ACTIVITY:
Print exactly the lines from the one containing "Brass, enamelled steel and mahogany." through the last line of the entries below; the pictures stay out of the copy.

== == ==

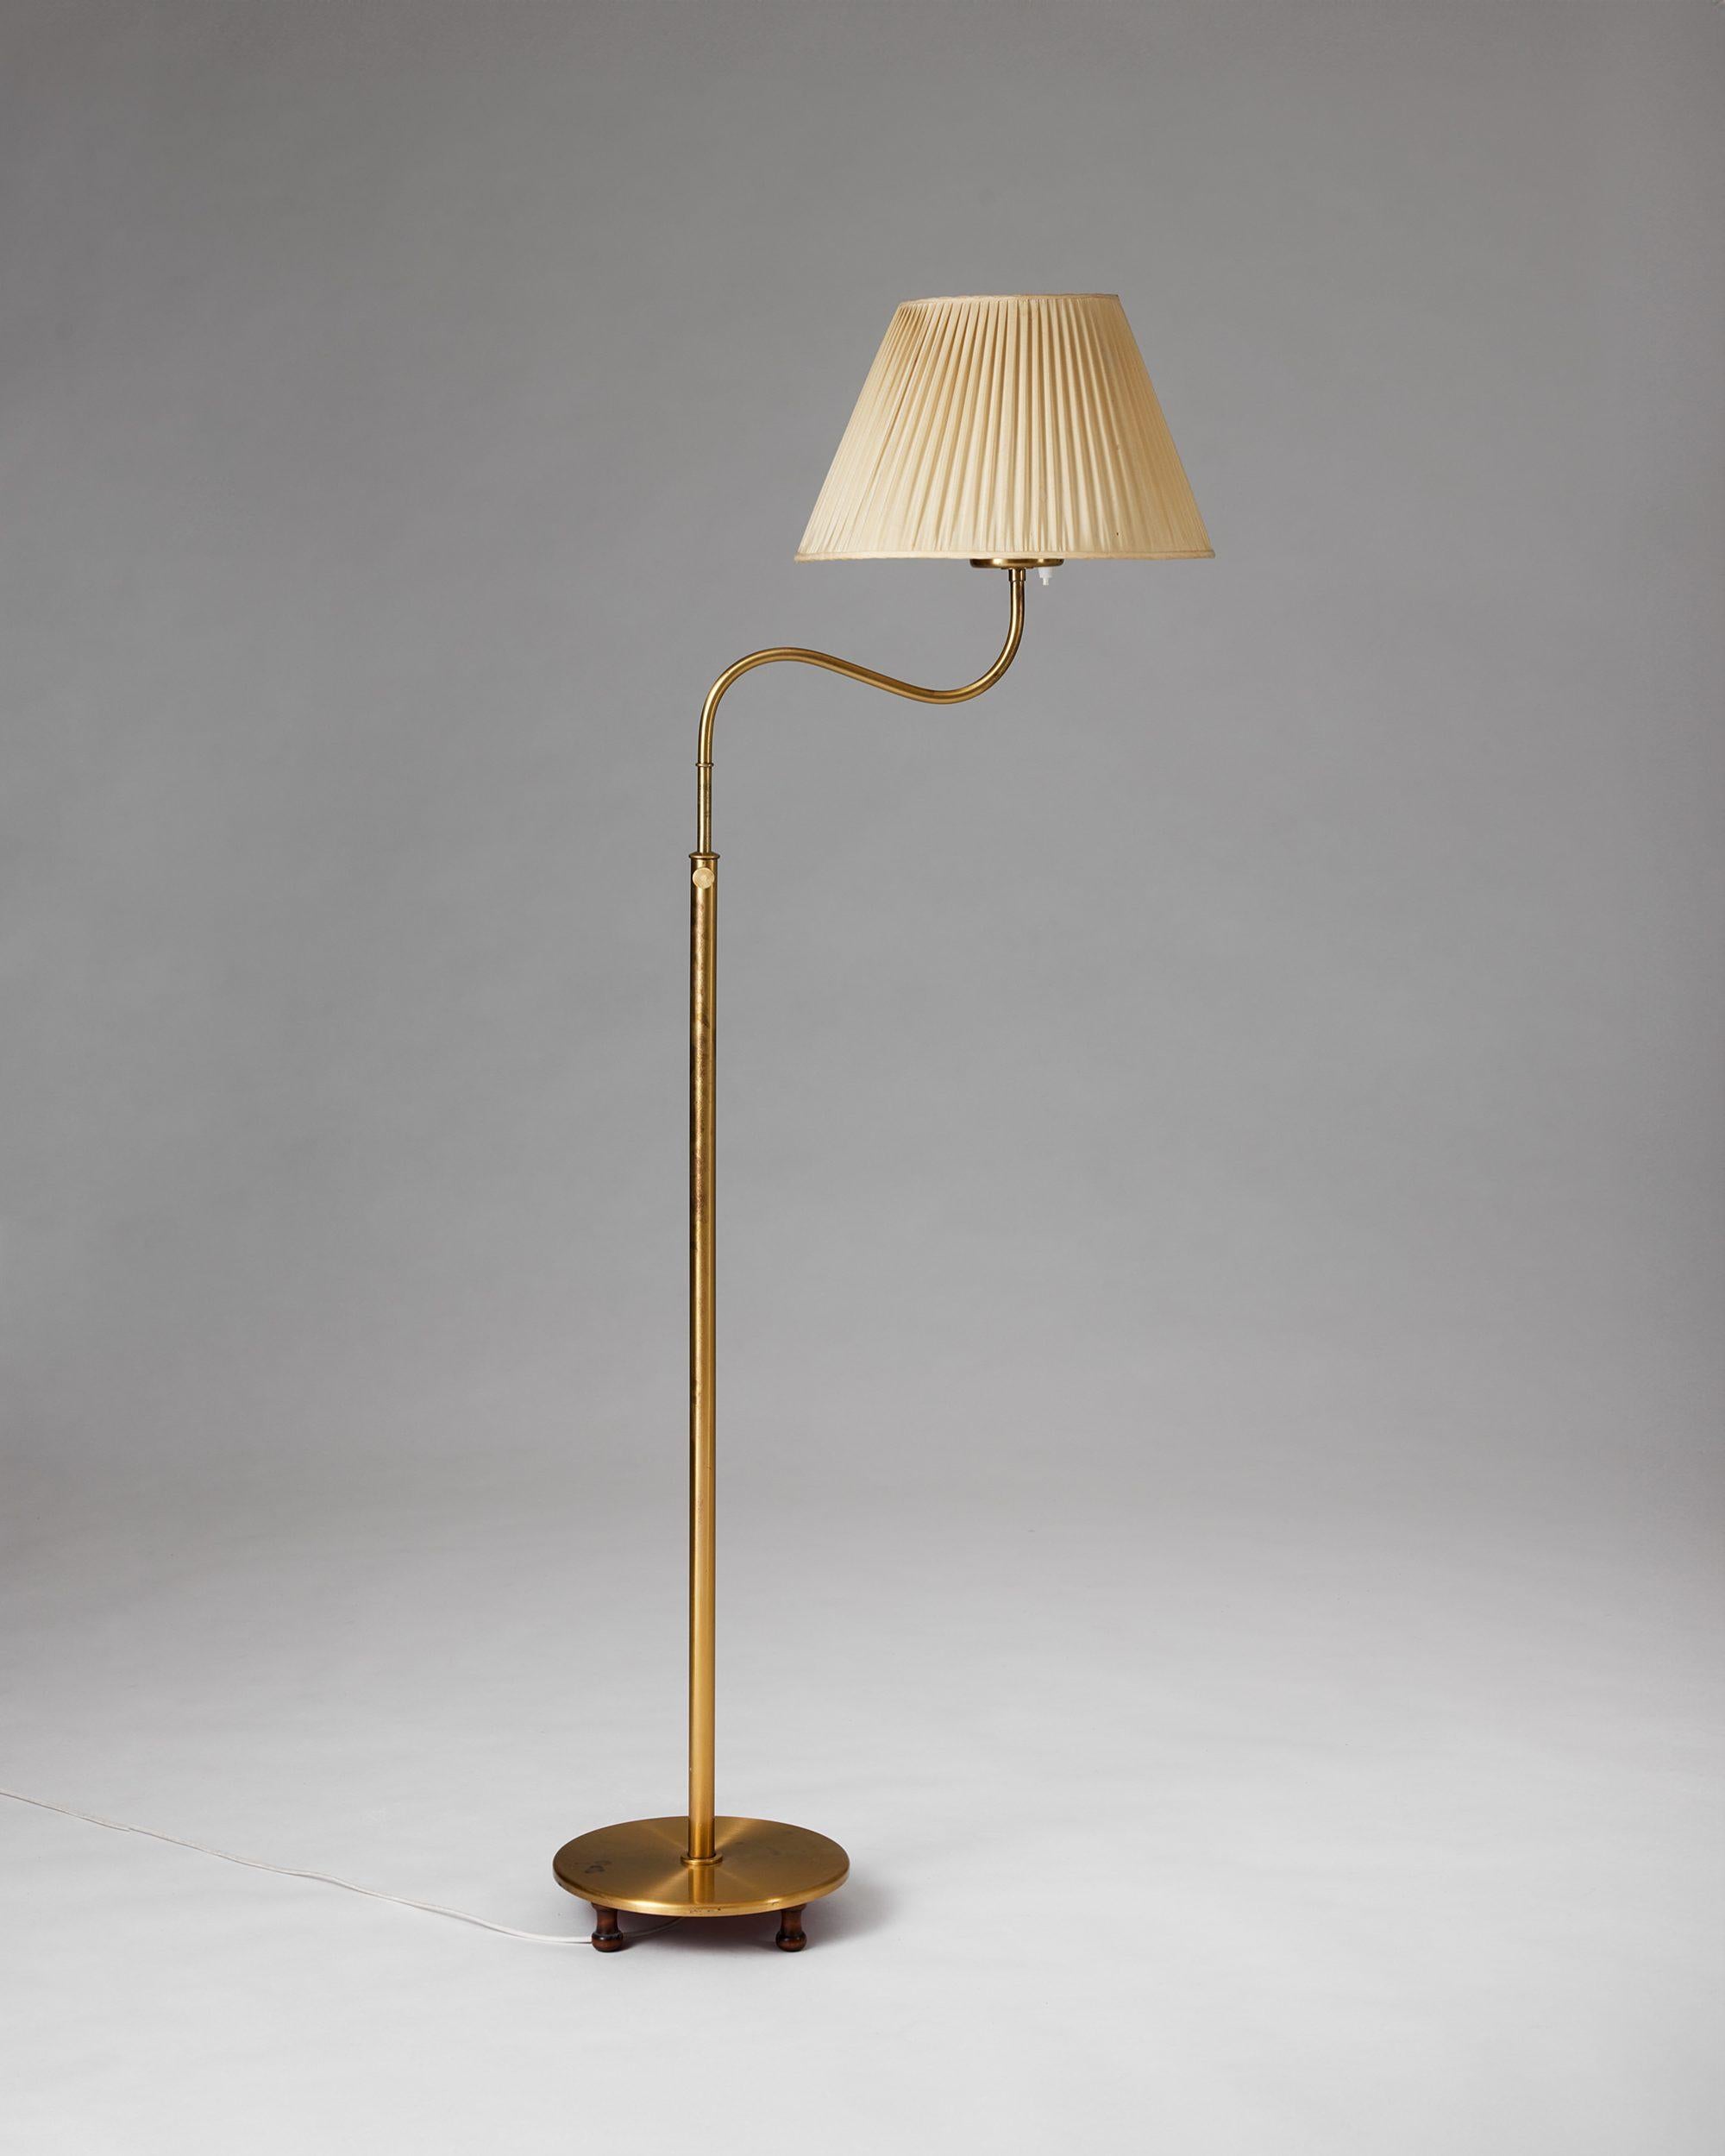 Floor lamp ‘Small Camel’ model 2568 designed by Josef Frank for Svenskt Tenn,
Sweden, 1939.

Brass, enamelled steel and mahogany.

Josef Frank was a true European, he was also a pioneer of what would become classic 20th century Swedish design and
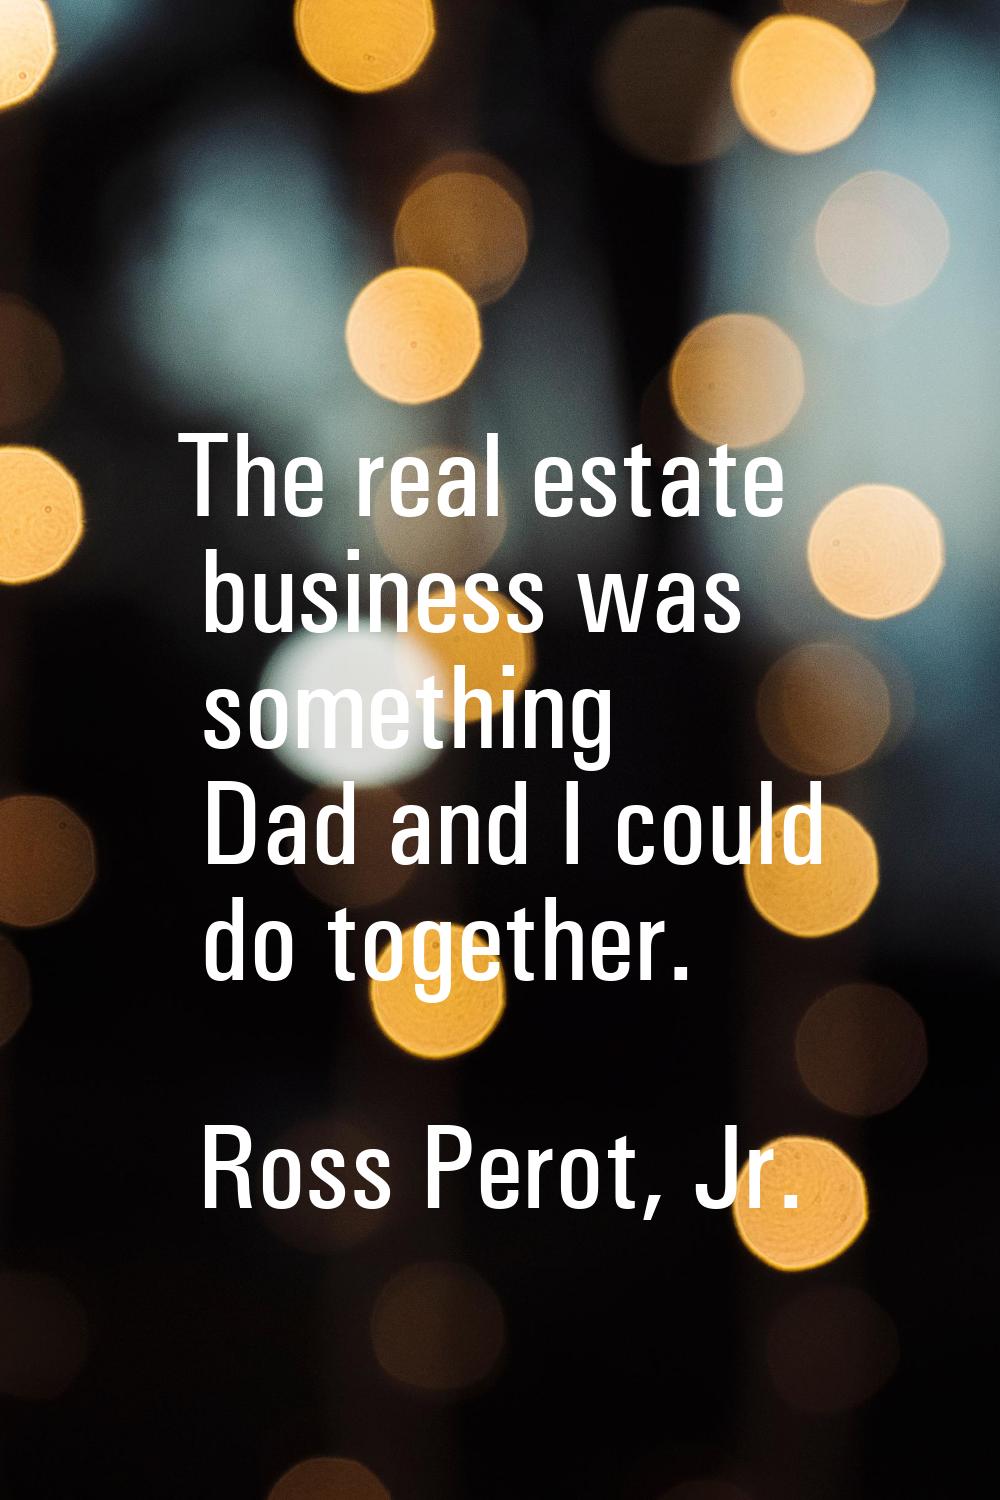 The real estate business was something Dad and I could do together.

== == ==

RESULT OF THIS EXERCISE:
Brass, enamelled steel and mahogany.

Josef Frank was a true European, he was also a pioneer of what would become classic 20th century Swedish design and
 The real estate business was something Dad and I could do together.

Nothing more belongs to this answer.